"Three dollars!" shouted Brenda, "three hundred dollars, what you call twelve hundred francs."

"Oh, my!" exclaimed Marie, her eyes almost jumping out of her head, "oh, my! I never did see so much money, let me look." So they let her touch the bills, and they laughed at the comments she made, and especially when she cried, "Louis would marry me if that money was mine."

"I thought he was going to anyway," said Belle, "you have always said that you were engaged."

"Oh, yes," she replied. "Oh, yes, sometime, perhaps, but it takes much money to get married. If I have to wait too long, perhaps Louis will find another girl with more money. But no matter." And she went out of the room looking much less cheerful than before she had seen the money.

"How mercenary!" said Belle as she disappeared, for Belle always had a word large enough to fit every happening.

"Well, it must be hard not to have any money but just what you earn every week," interposed Edith sympathetically.

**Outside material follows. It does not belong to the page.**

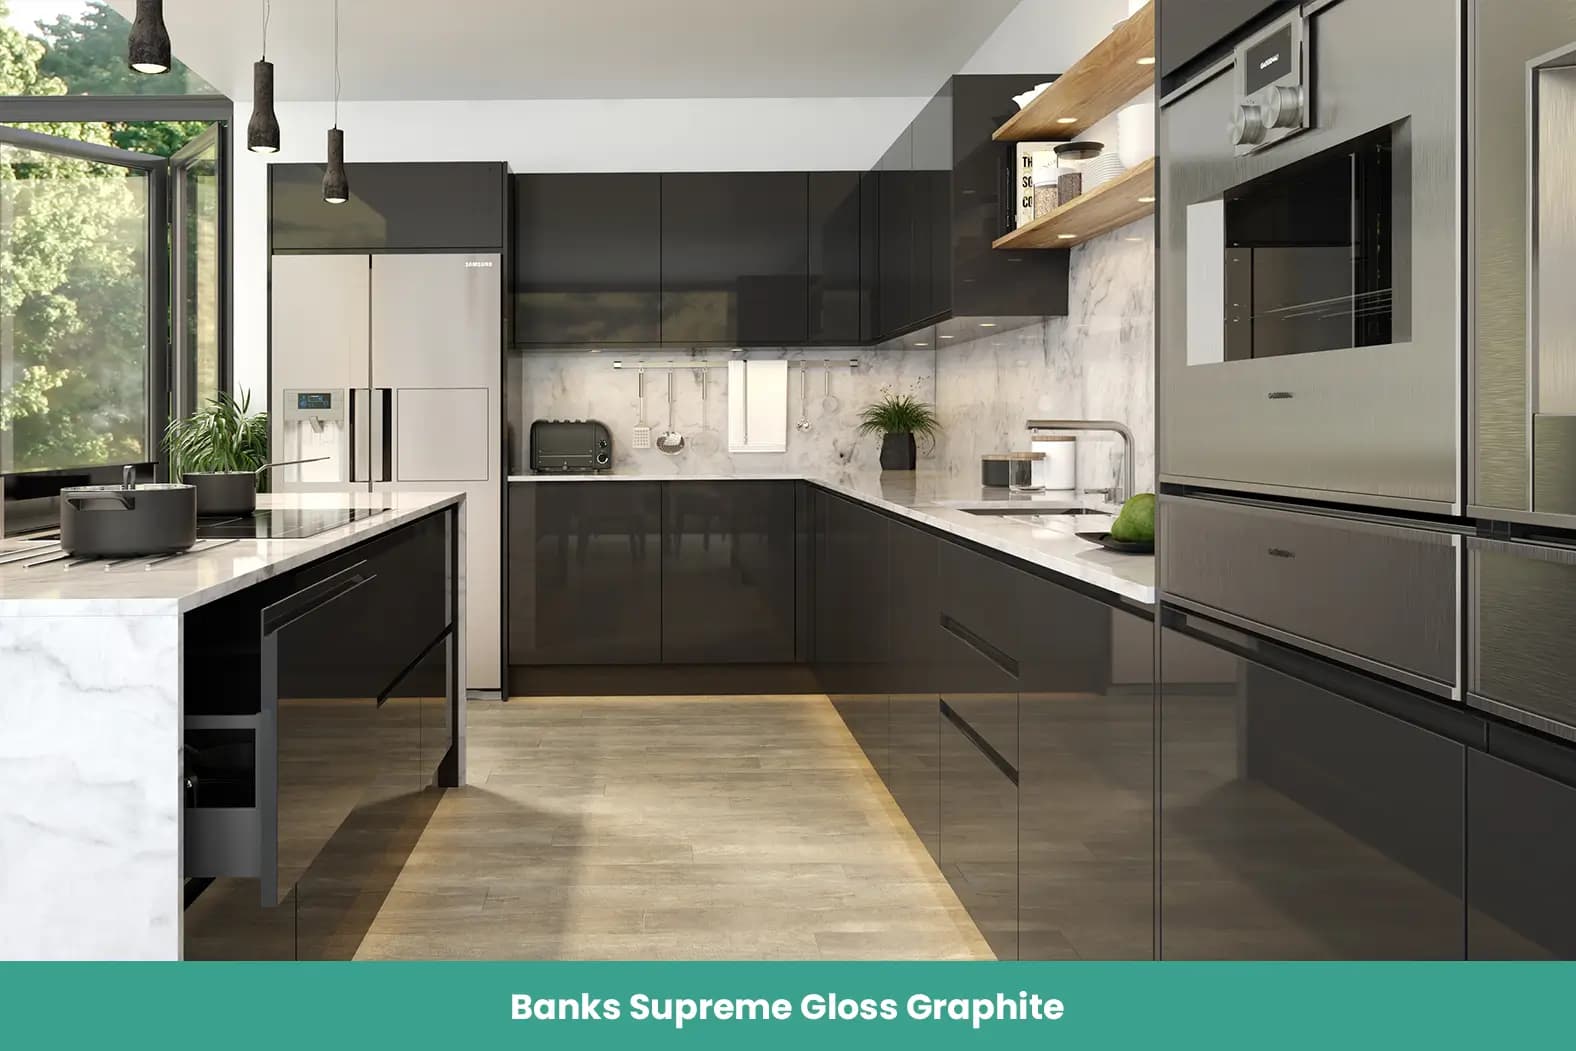 Banks Supreme Gloss Graphite Kitchen

"Oh it's better not to have much money than to have a man think only of that in marrying you," responded Belle in her most worldly-wise voice.

"Come, I think that we are talking of things that we know nothing about," said Nora, "but if I were you, Brenda, I would not let every one in the house know where that money is."

"Nonsense, I always carry the key with me, and anyway it won't be here long," answered Brenda.

"No matter, if I were you I would give it to Mr. Barlow to take down town."